The yen weakened against the dollar on Monday following reports suggesting that the Bank of Japan (BoJ) is unlikely to exit its negative interest rate policy in its final meeting of 2023.
According to sources familiar with the matter, BoJ officials are awaiting further evidence of sustained inflation and signs of wage growth before considering a shift in their decades-long policy. A final decision will be made after analyzing data, including financial market conditions and the quarterly tankan survey of economic conditions, which is scheduled for release on Wednesday.

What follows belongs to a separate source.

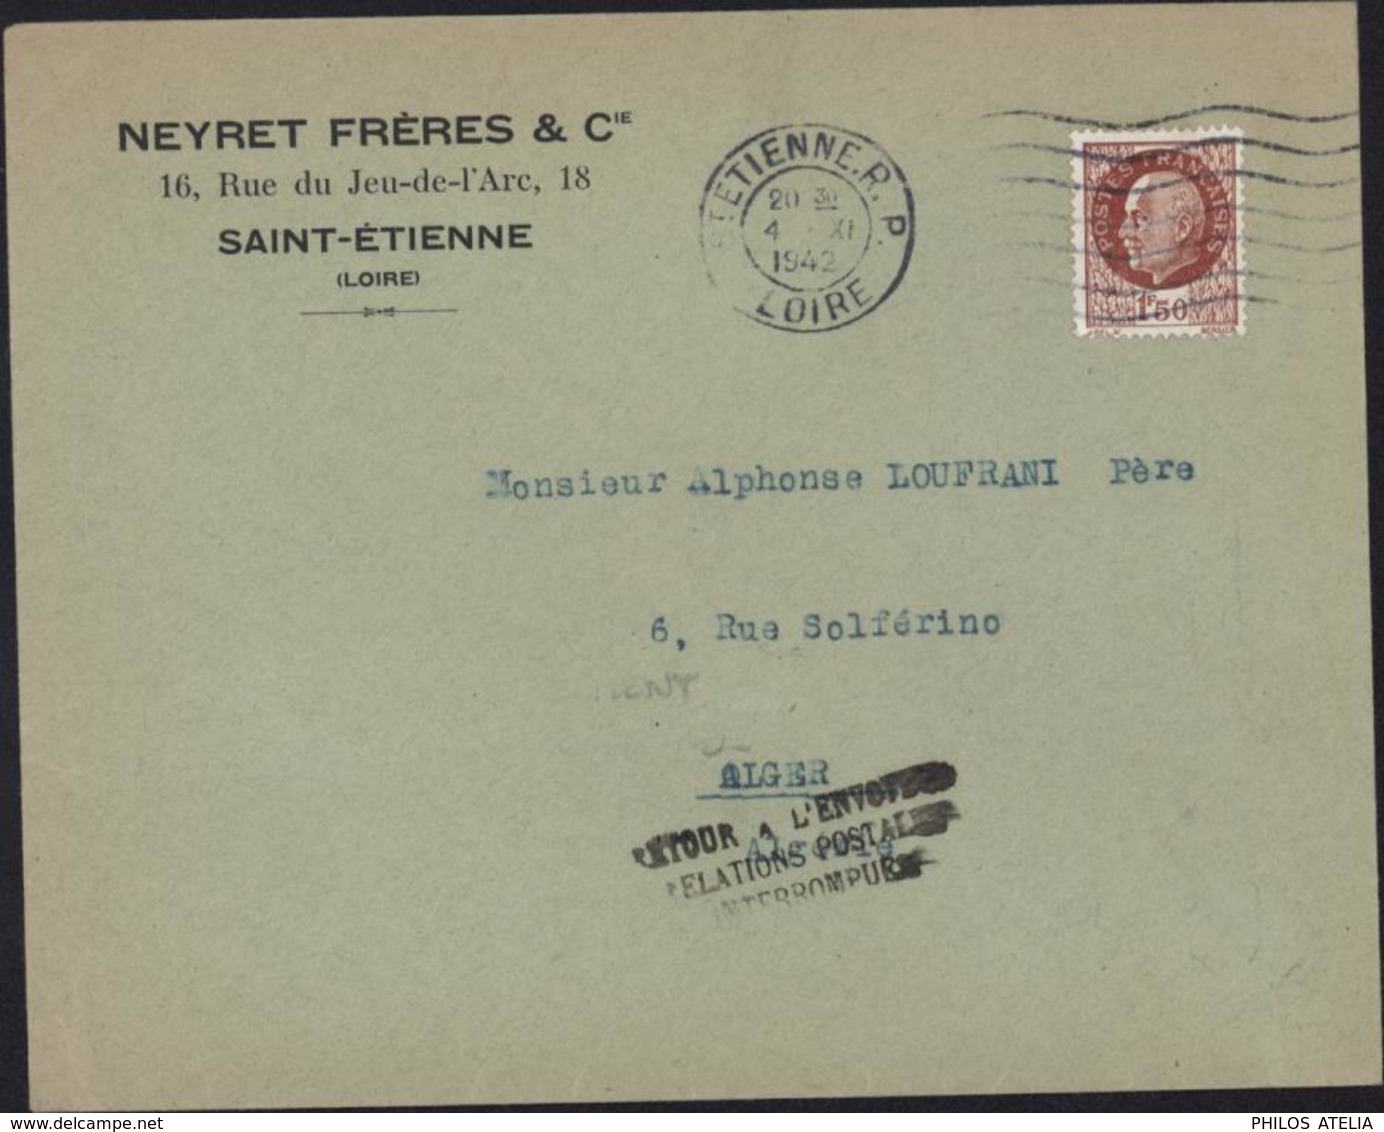 Guerre 39 YT 517 CAD St Etienne 4 XI 1942 Cachet Retour Envoyeur Relations Postales Interrompues Débarquement Alliés AFN - Guerra De 1939-45

These developments may come as a disappointment to those who were anticipating a significant policy change at the December 19 meeting. Last week, comments made by BoJ Governor Kazuo Ueda and Deputy Governor Ryozo Himino had sparked expectations of a policy shift, leading to a surge in the yen and Japan bond yields.
However, the dollar gained 0.7% against the yen, reaching 146.10 yen on Monday. Simultaneously, the 10-year Japanese government bond rose by 6 basis points to 0.78%. The Nikkei 225 index, one of the top-performing global stock exchanges in 2023 with a 25% increase, saw a gain of 1.5%.
In addition to the BoJ decision, the Federal Reserve, Bank of England, and European Central Bank will all hold their final meetings of the year this week.